"Kureyş'i sana havâle ediyorum!"
30/11/2019 Cumartesi Köşe yazarı A.U
Abdullah İbni Mes’ûd (radıyallahü anh) der ki:
Resûlullah’ın Kureyş'e bedduâ ettiğini hiç işitmedim.
Yalnız bir gün Kâbe-i şerîf yanında namaz kılıyordu.
Ebû Cehil oradaydı.
Yandaşları da vardı.
O esnâda bir kişi geldi.
Ve sürüklediği bir deve işkembesini oraya bırakıp geri gitti.
Ebû Cehil bunu gördü.
O işkembeye baktı.
Ve yandaşlarına dönüp;
"Şu iğrenç işkembeyi kim götürür de, Muhammed secdeye inince sırtına
koyabilir?" dedi.
Bir tânesi fırlayıp;
“Ben yaparım" dedi.
O bedbaht, Ukbe bin Ebî Muayt kâfiriydi.
Bu çirkin işe girişip onu aldı.
Ve Efendimiz secdeye inince, götürüp üzerine bıraktı.
Efendimiz fark ettiler.
Ve secdeden kalkmadılar.
Onlarsa gülüşüyorlardı.
İbni Mes’ûd der ki:
Ben, uzaktan baktım.
Lâkin müşriklerin korkusundan yanına varamadım!

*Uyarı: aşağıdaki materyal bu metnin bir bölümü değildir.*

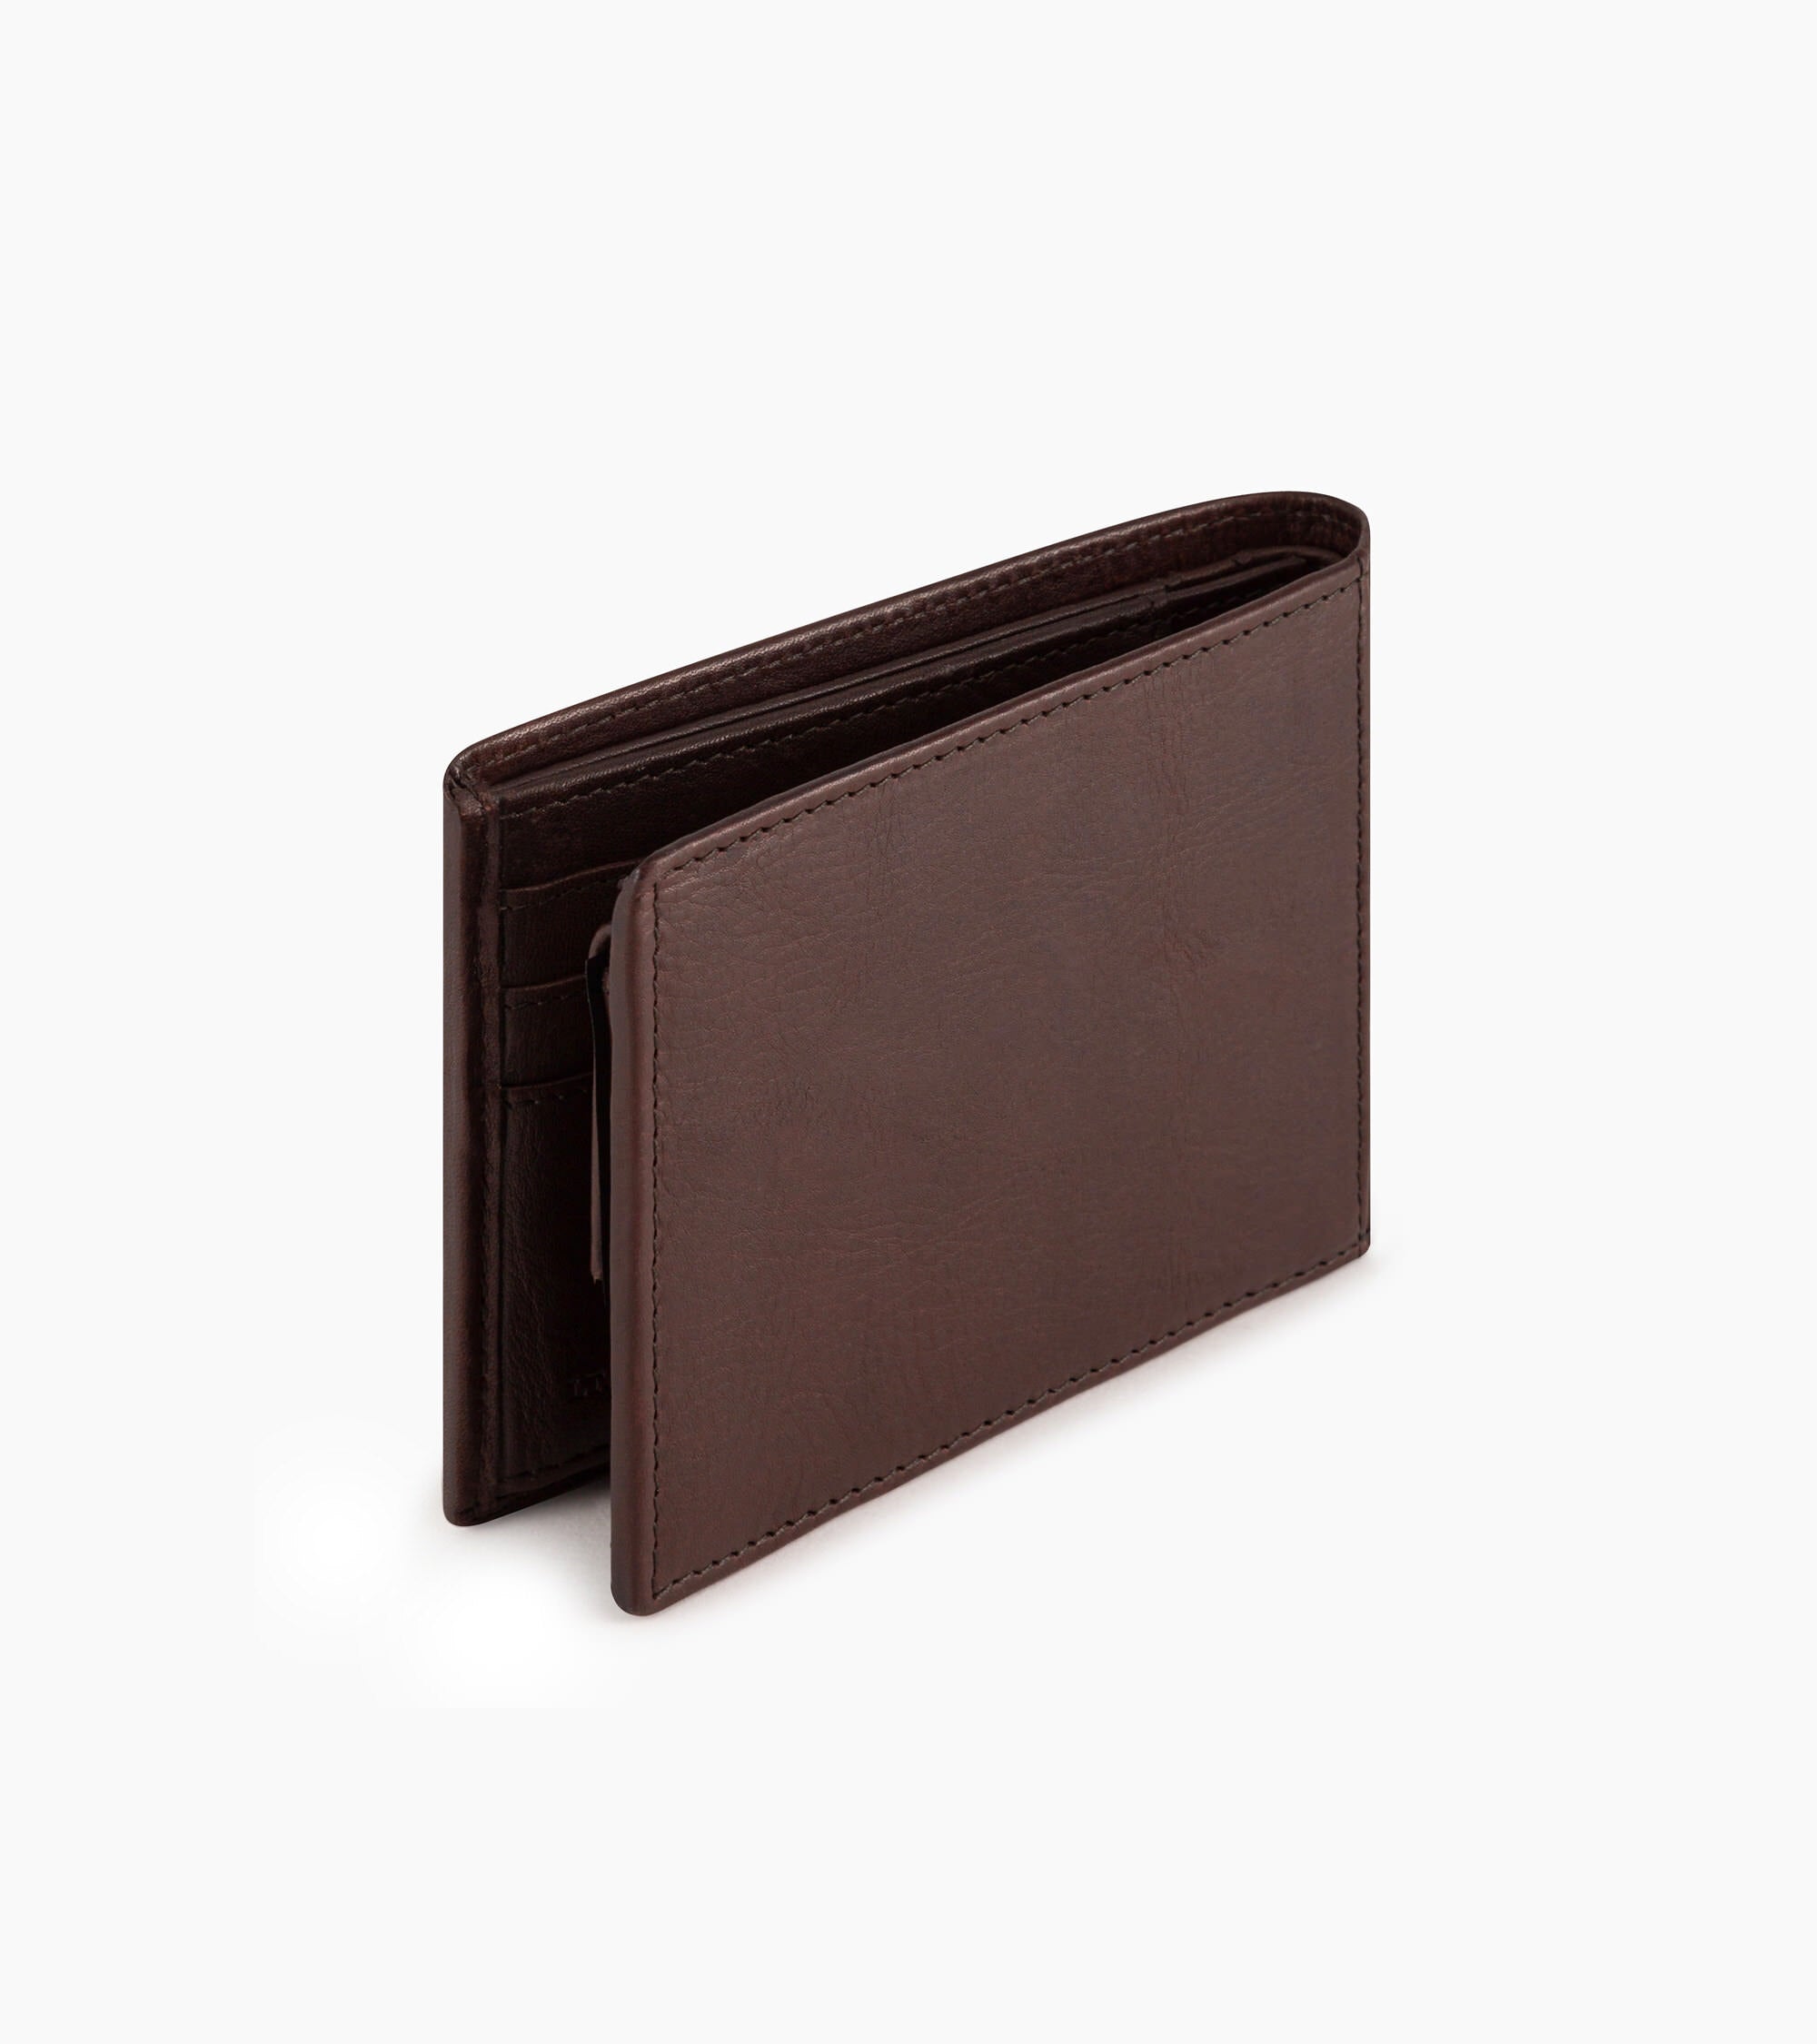 Gary horizontal zipped pocket wallet in oiled leather

Nihâyet müminlerden biri Hazret-i Fâtıma'ya koştu.
Bu işi haber verdi.
Az sonra o geldi.
Ve koşup, o murdar şeyi mübârek babasının üzerinden kaldırdı. Efendimiz
secdeden kalktılar.
Ancak üzülmüşlerdi!
Çok da kırılmışlardı.
Bunu yapanların isimlerini tek tek sayıp;
"Yâ Rabbî! Bunları sana havâle ediyorum" buyurdular.
İbni Mes’ûd hazretleri;
"Vallâhi onların hepsi Bedir'de öldürüldü. Müminler, onların leşlerini
ayaklarından sürüyerek Bedir kuyusuna bıraktılar" demiştir.